TRY IT: In the material below, find the line containing "Door requires hinges to work." and output it and all lines after it exactly, through the last one, without the pictures.

### SUPPLIED INFORMATION ###

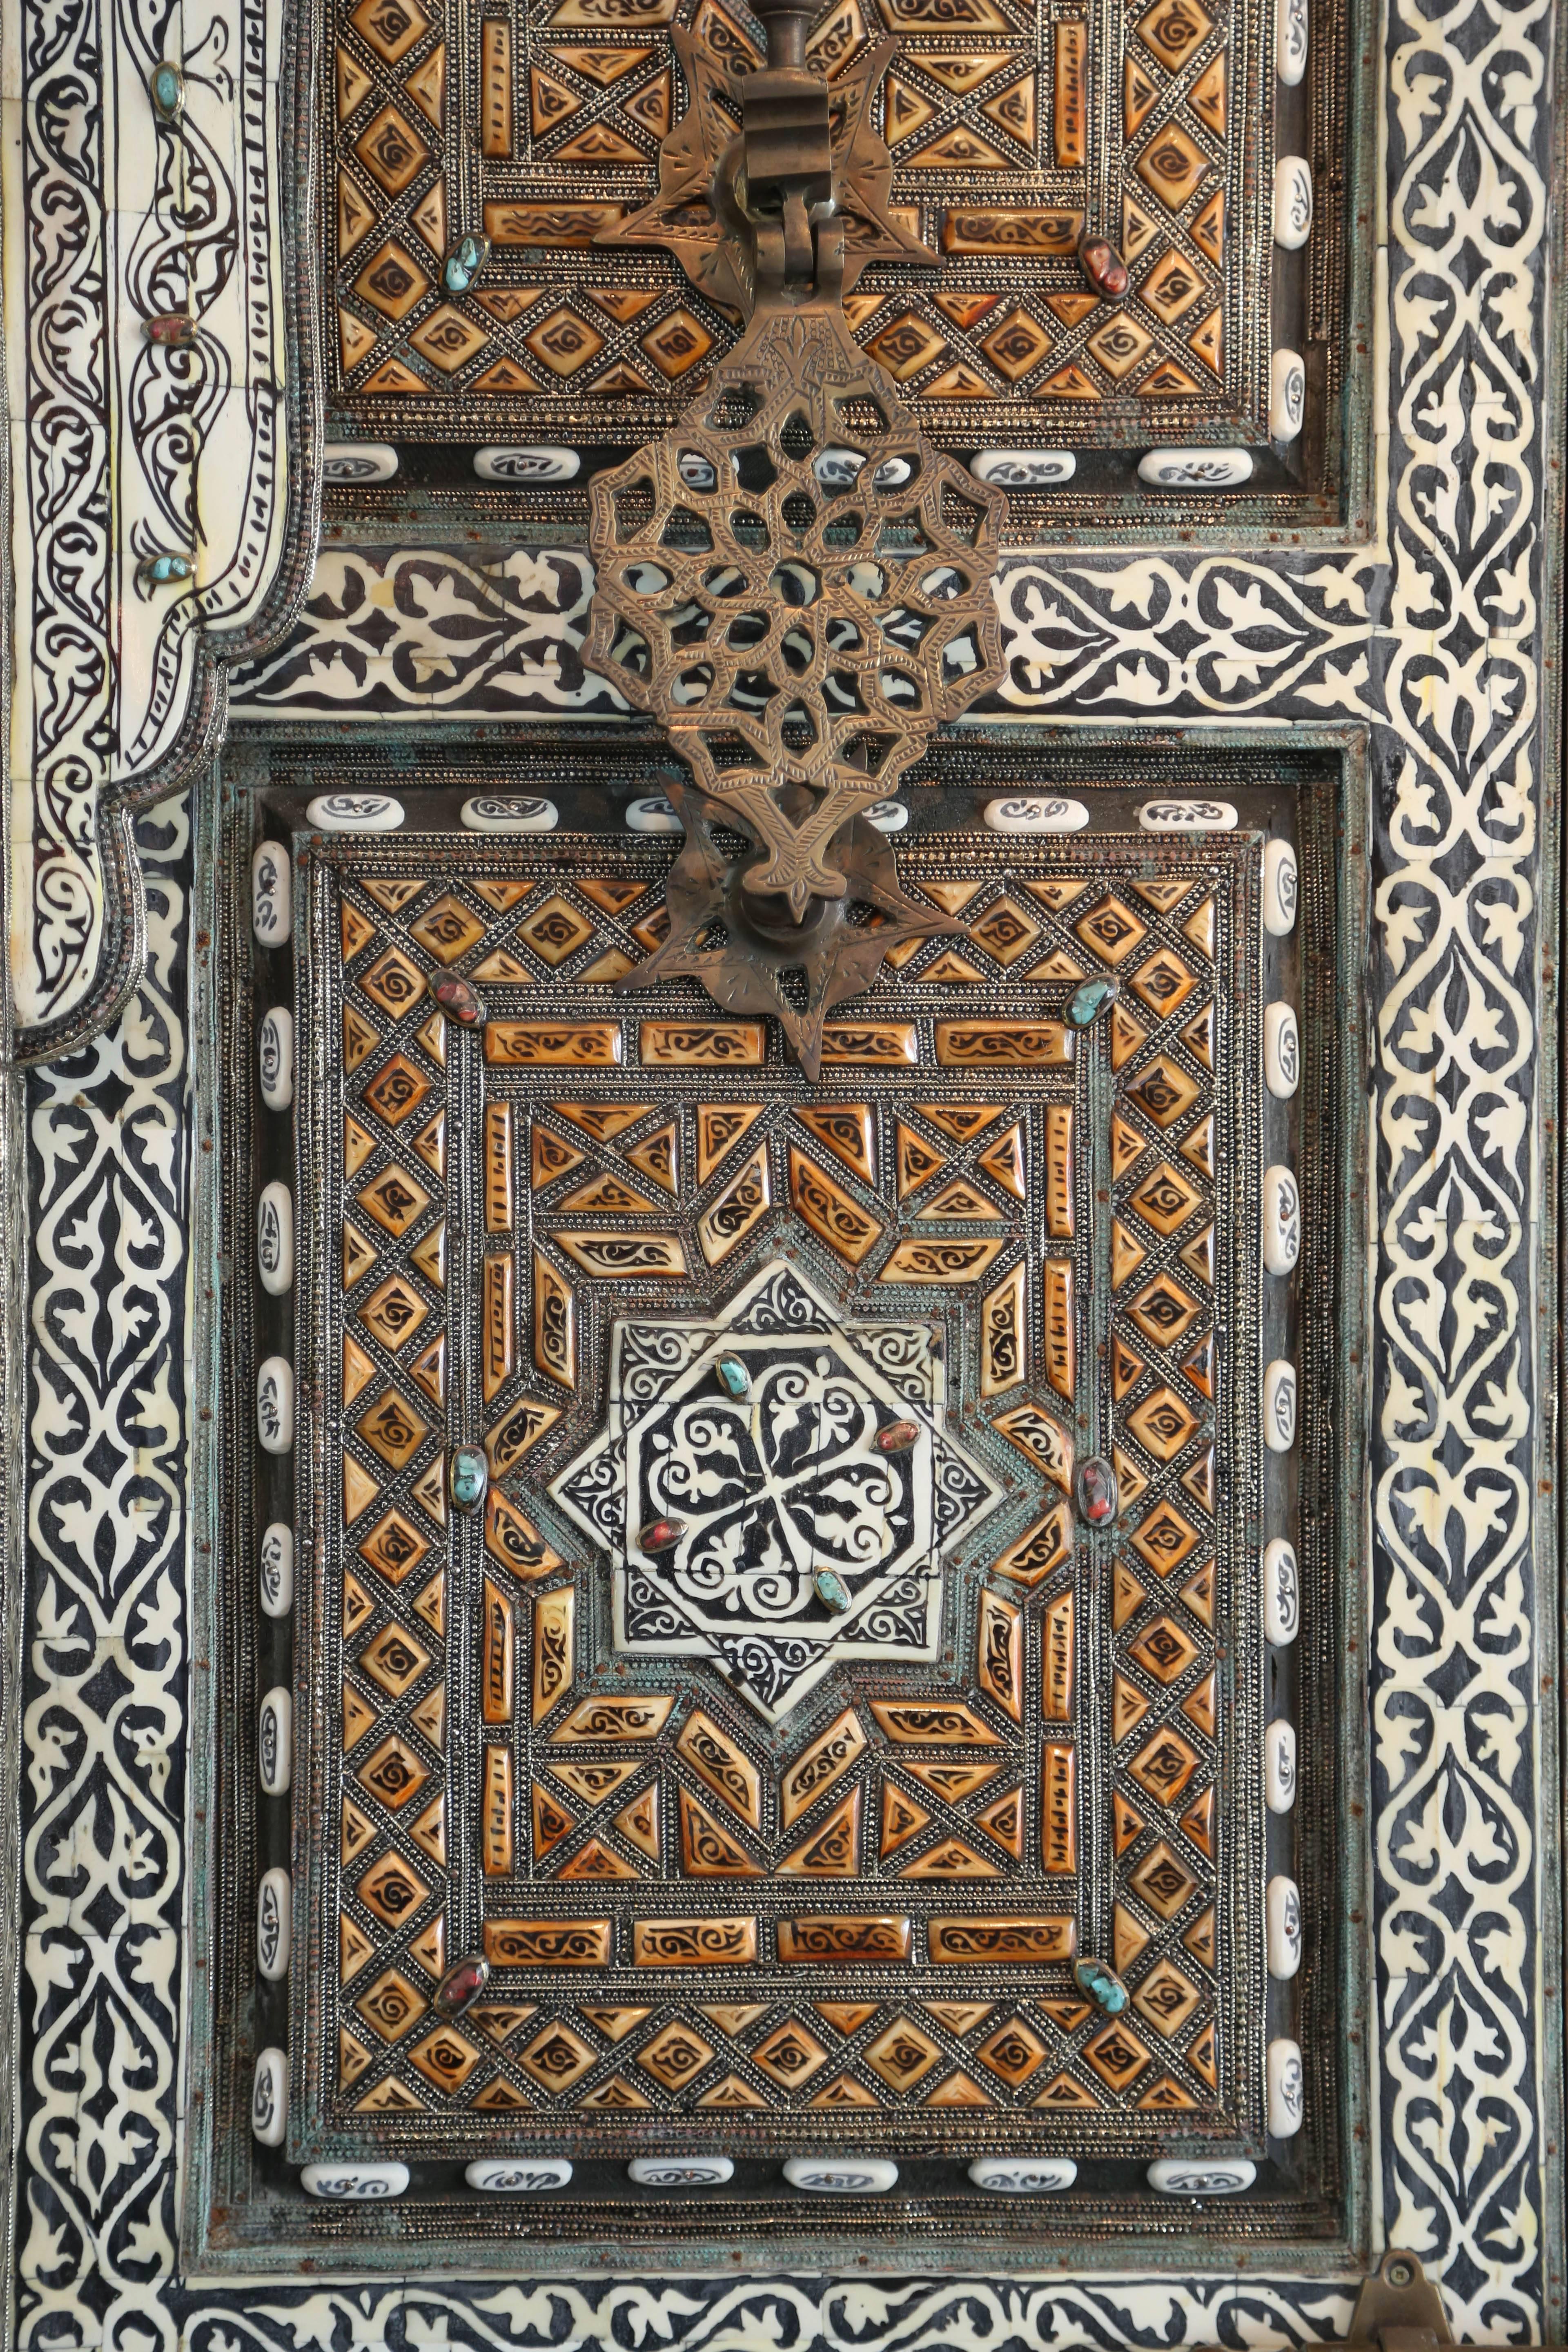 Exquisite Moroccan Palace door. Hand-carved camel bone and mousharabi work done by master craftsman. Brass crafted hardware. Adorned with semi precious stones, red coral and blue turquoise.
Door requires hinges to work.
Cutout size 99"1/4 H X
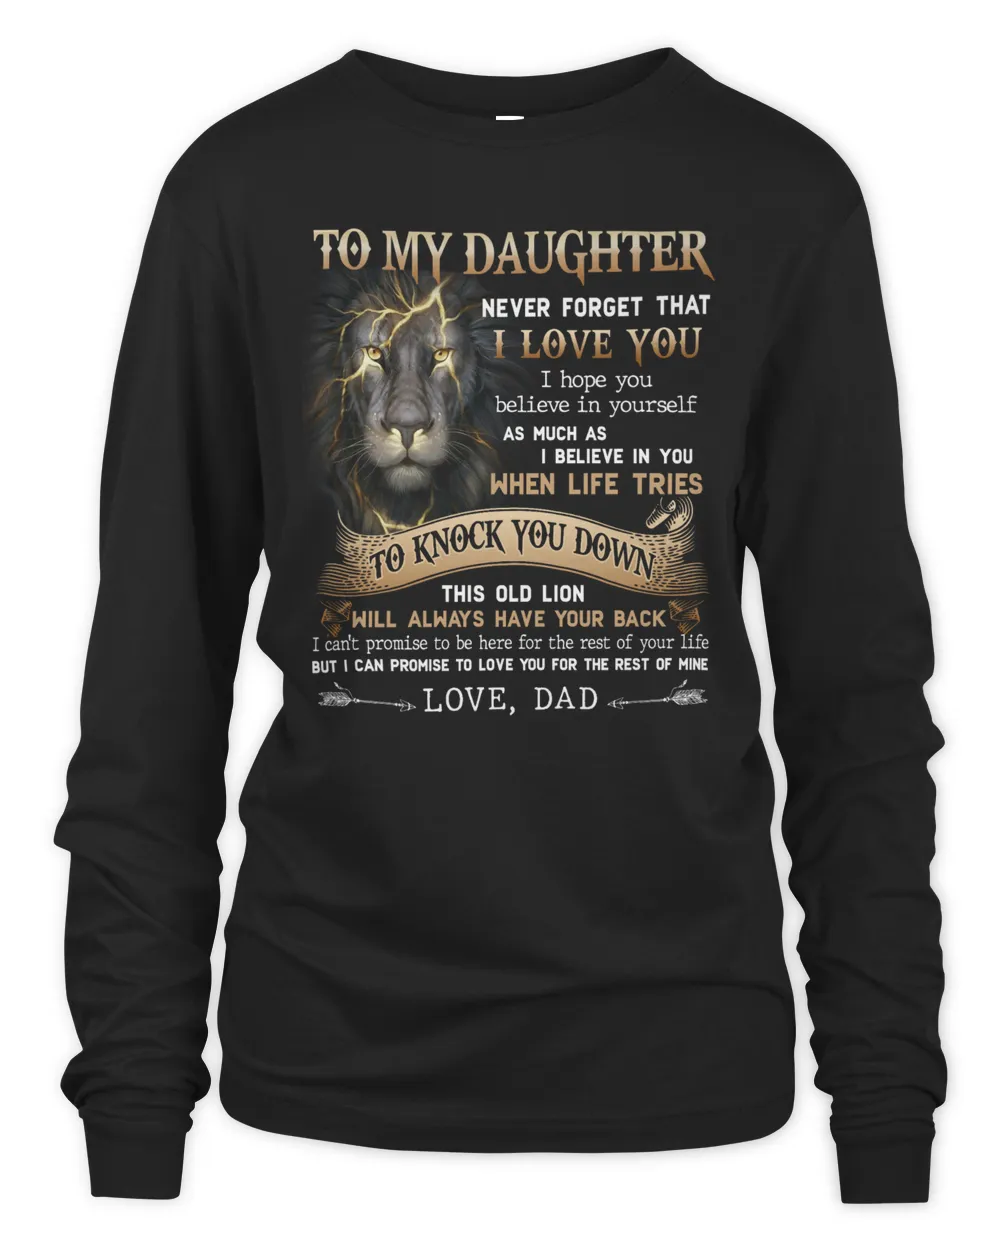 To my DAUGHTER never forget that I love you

###

SOLUTION TO THIS TASK:
Door requires hinges to work.
Cutout size 99"1/4 H X
 To my DAUGHTER never forget that I love you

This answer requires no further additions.